___ Raw data ___

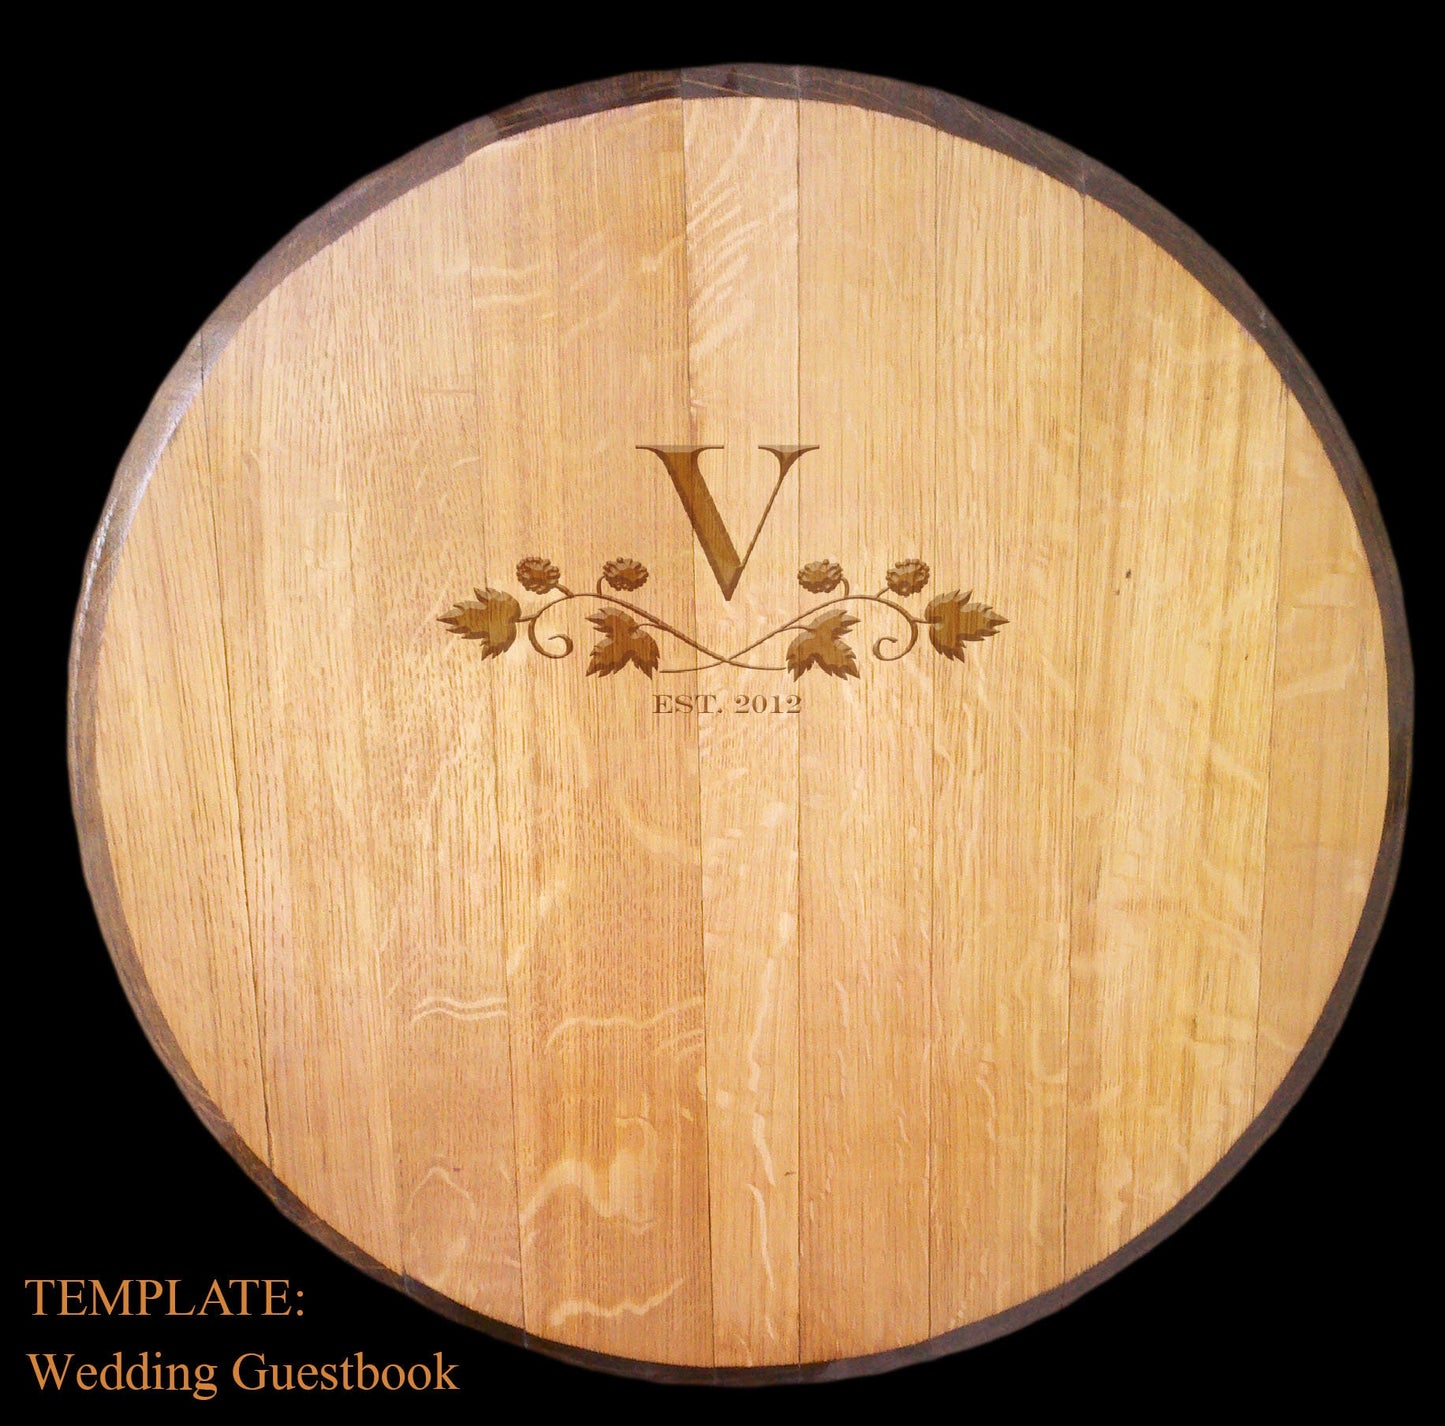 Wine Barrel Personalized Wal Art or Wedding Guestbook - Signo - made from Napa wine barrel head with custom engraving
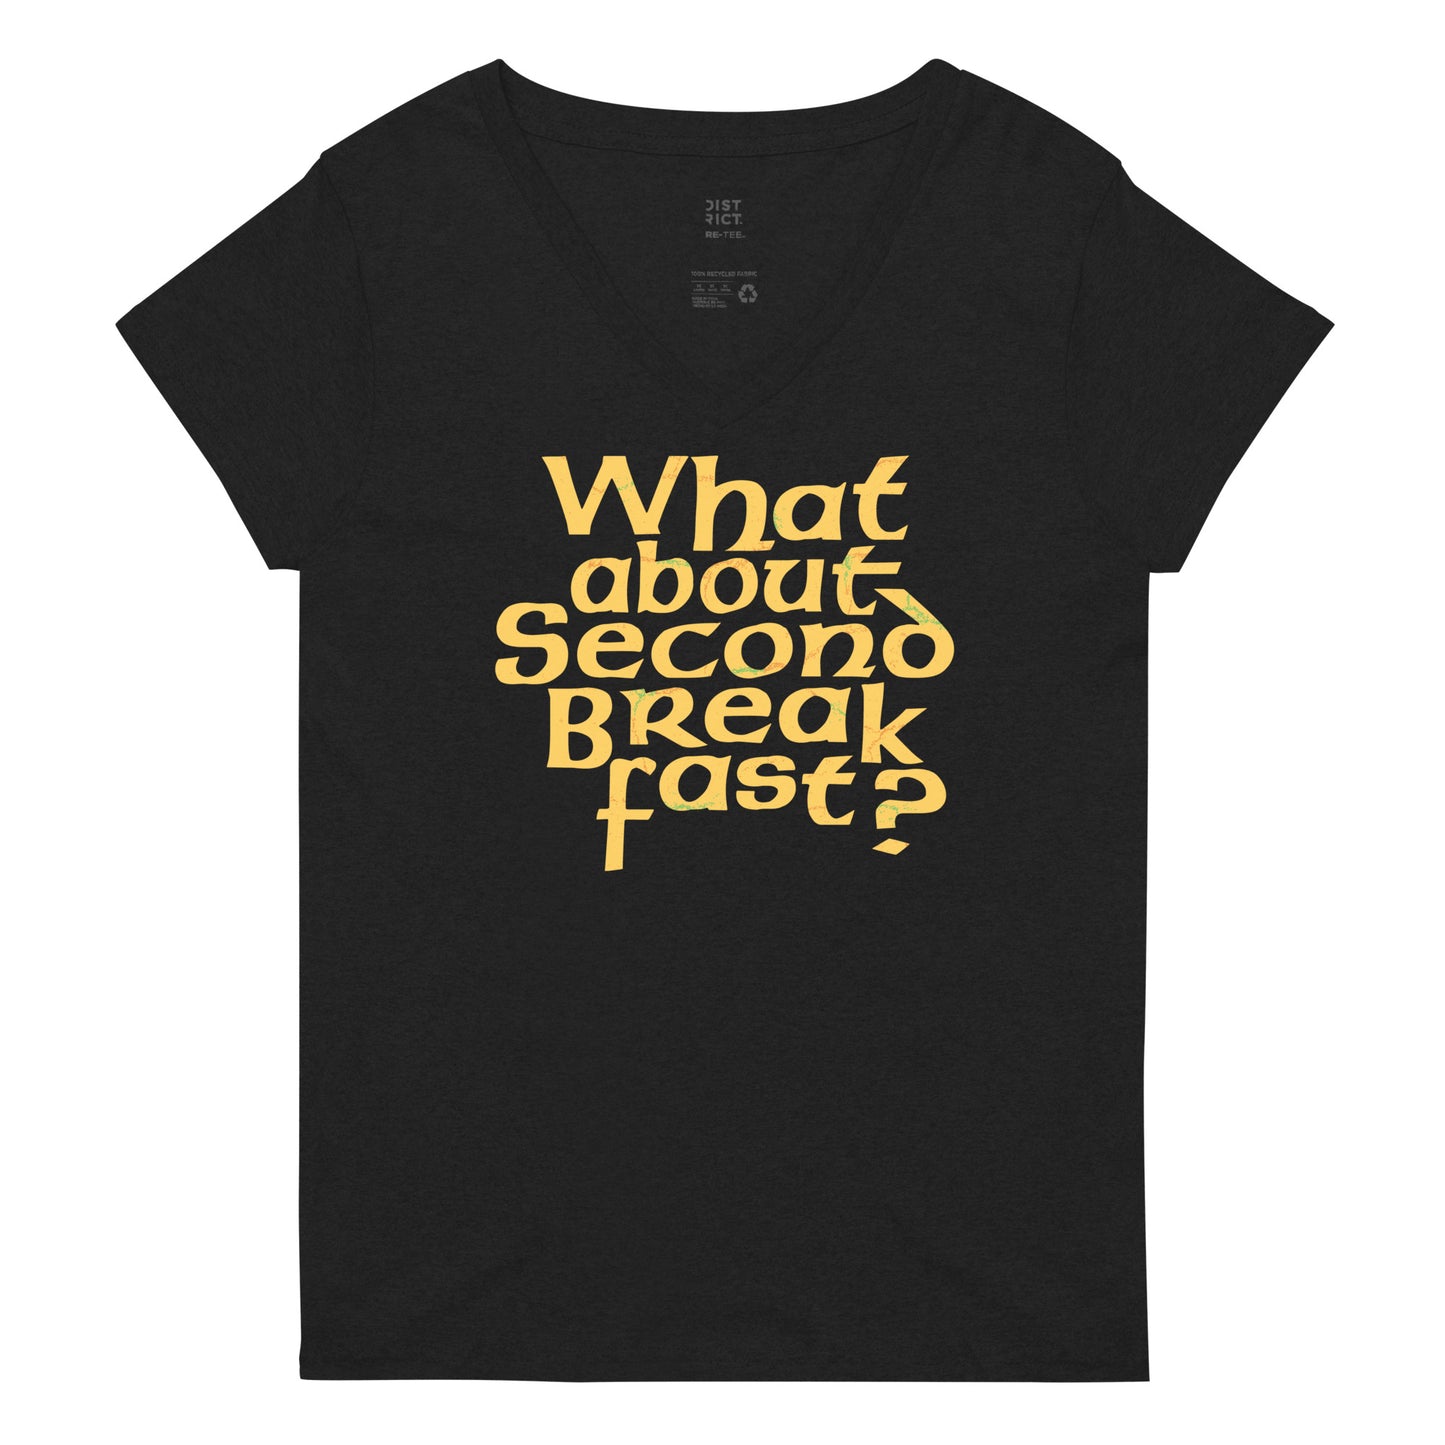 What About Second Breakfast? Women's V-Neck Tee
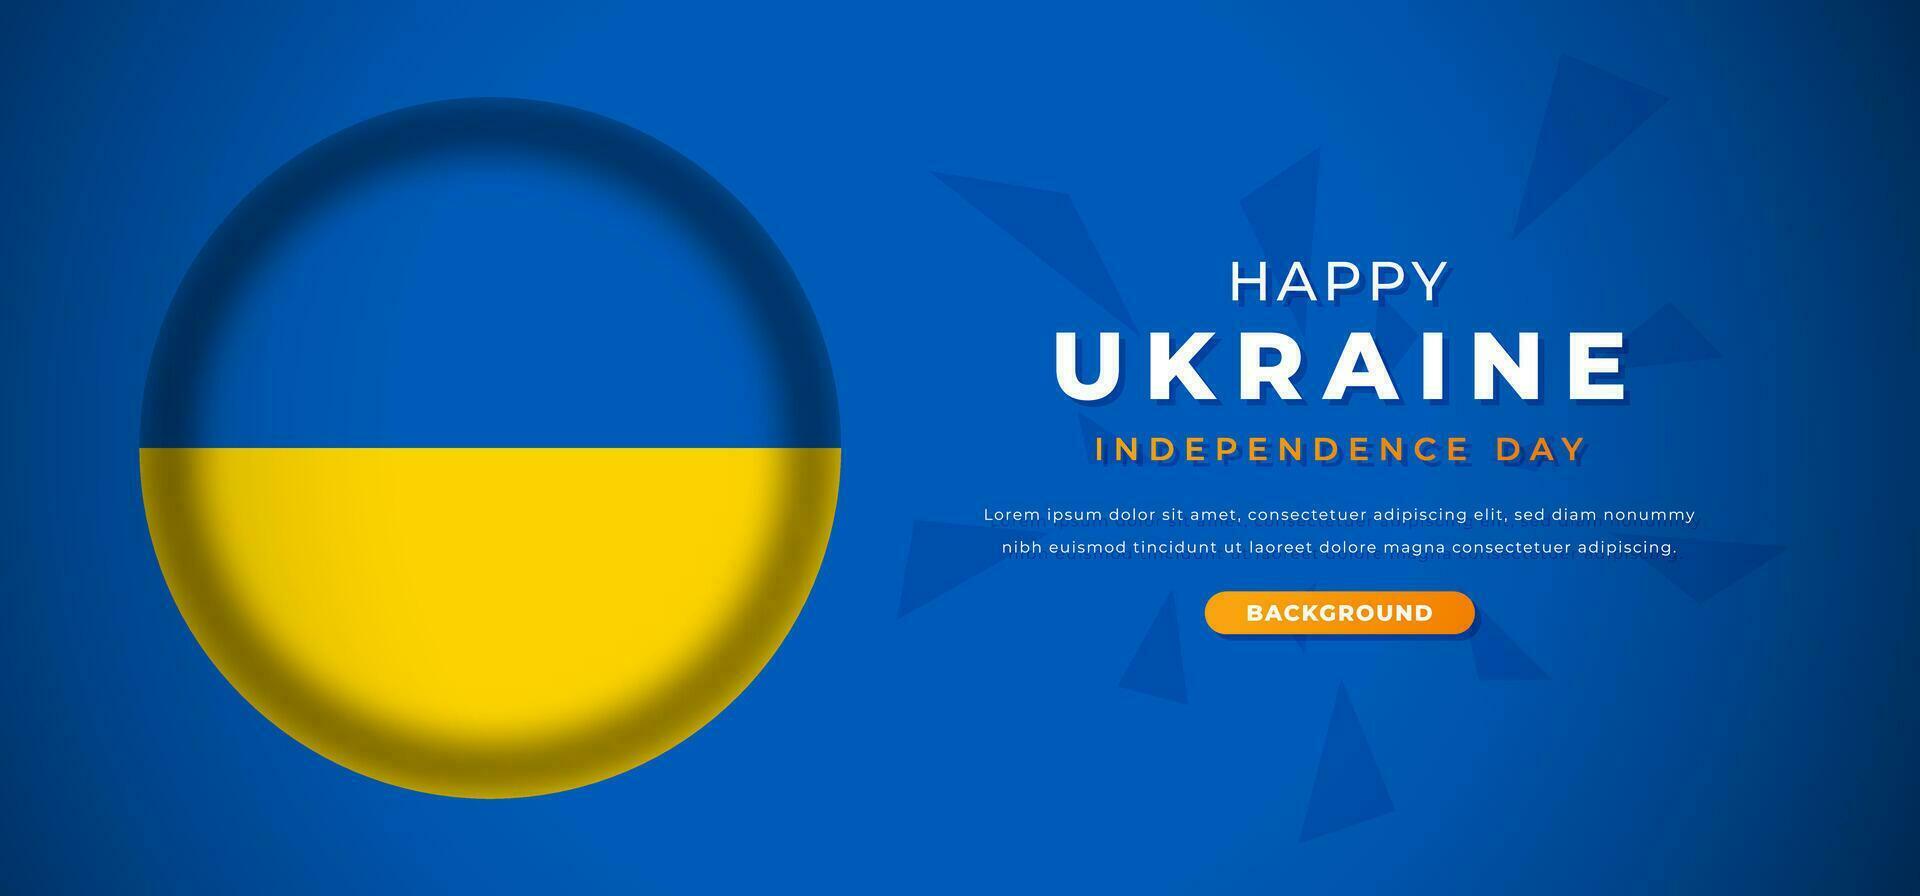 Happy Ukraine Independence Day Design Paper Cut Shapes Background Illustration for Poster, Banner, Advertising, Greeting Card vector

___

Problem requirements:
Repeat the listing word for word, and skip every picture it contains.

Output:
 Wine Barrel Personalized Wal Art or Wedding Guestbook - Signo - made from Napa wine barrel head with custom engraving
 What About Second Breakfast? Women's V-Neck Tee
 Happy Ukraine Independence Day Design Paper Cut Shapes Background Illustration for Poster, Banner, Advertising, Greeting Card vector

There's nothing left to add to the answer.